Campbell's Supply-Side Follies--and a Face-Saving Proposal

If there has been one serious flaw in the record of the Campbell government, it is that it will not give up on supply-side economics. From its very first move–the 2001 20% tax cut that was supposed to pay for itself, but which wound up creating the largest deficit in history–to the carbon tax (which benefits the affluent Vancouverite rather more than other groups)to the HST tax shift, they have refused to heed either public opinion or the economic evidence. They have been loyal to their core constituency, however: the business and professional elite fo Greater Vancouver, who by and large feel that their private gains have outweighed the public’s losses.

Now that the NDP is pulling ahead in the polls, and even former Finance minister Carole Taylor has had the good sense to distance herself from these large tax increases on ordinary consumers, it is time for the Campbell Liberals to consider how they might soften the regressive nature of their policies, while still hanging on to the conceptual virtues of both the HST and the carbon tax. I have two specific suggestions:

1. Lower the HST 1%-2%---with the lost revenue made up by corporate and personal income taxes.

2. Adopt the Canadian Centre for Policy Alternatives proposal to modify the incidence of the Carbon tax, viz. the low-income credit, at minimum, should be increased in line with carbon tax revenues, and ideally its share should be increased to half of revenues. The remaining half of carbon tax revenues should provide funds for other climate actions.

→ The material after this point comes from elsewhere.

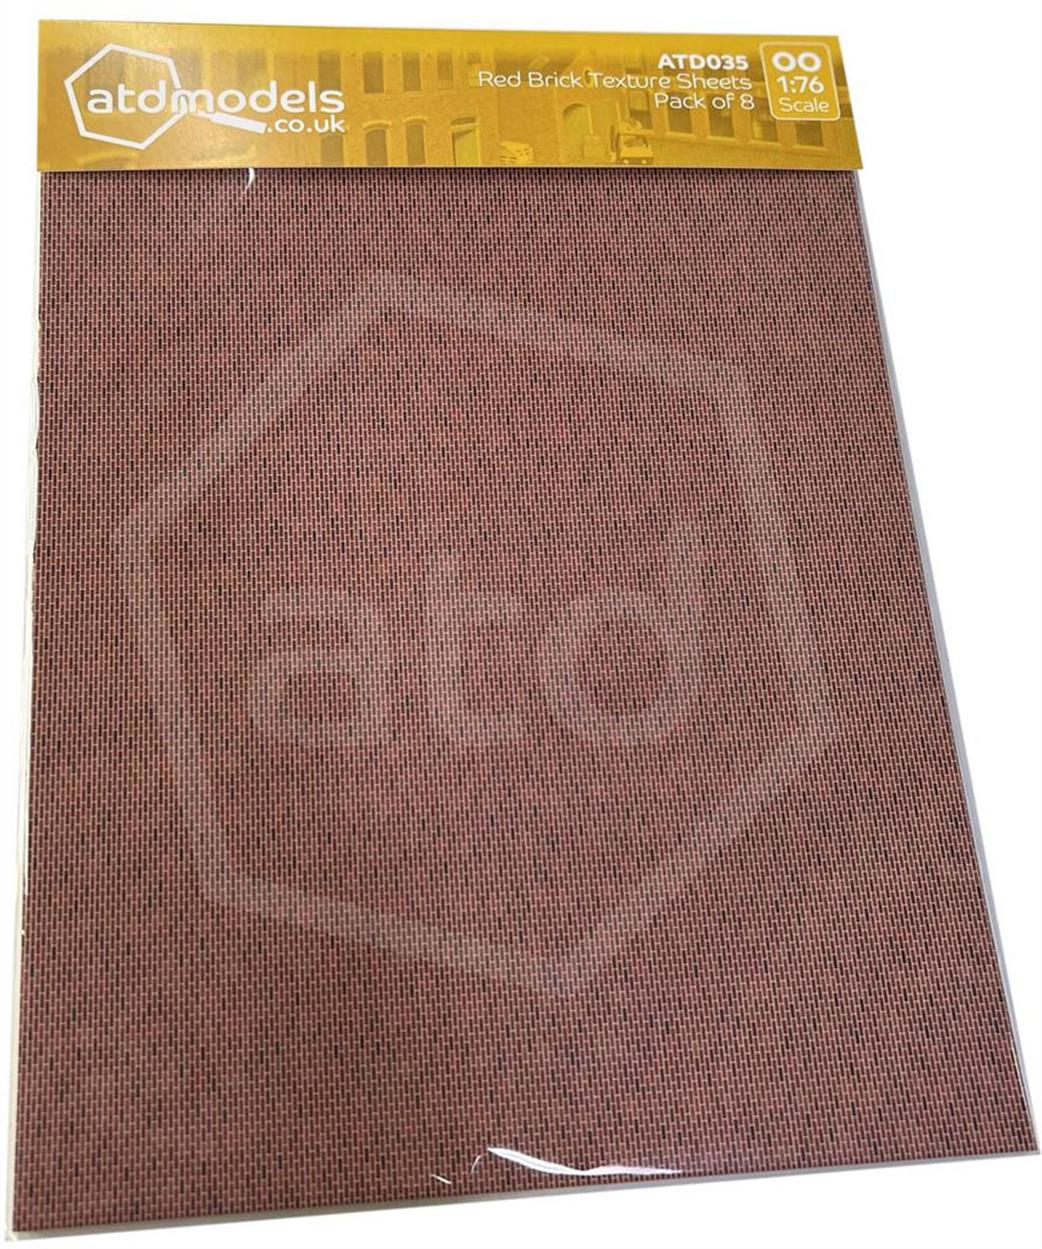 ATD Models OO ATD035 Red Brick Textured Card Builders Pack 8xA4 Sheets

Even if the loss of revenue from reducing the HST (and the corresponding hike in income taxes) is too great to permit the adoption this prescription, one could always narrow some exemptions in order to lower the overall rate or broaden some other exemptions at the current rate, or target subsidies to the poor, etc.  My general point is, I think still valid: that there a number of ways of dealing with the equity issues raised by the HST and the Carbon tax, short of  abolishing these taxes altogether.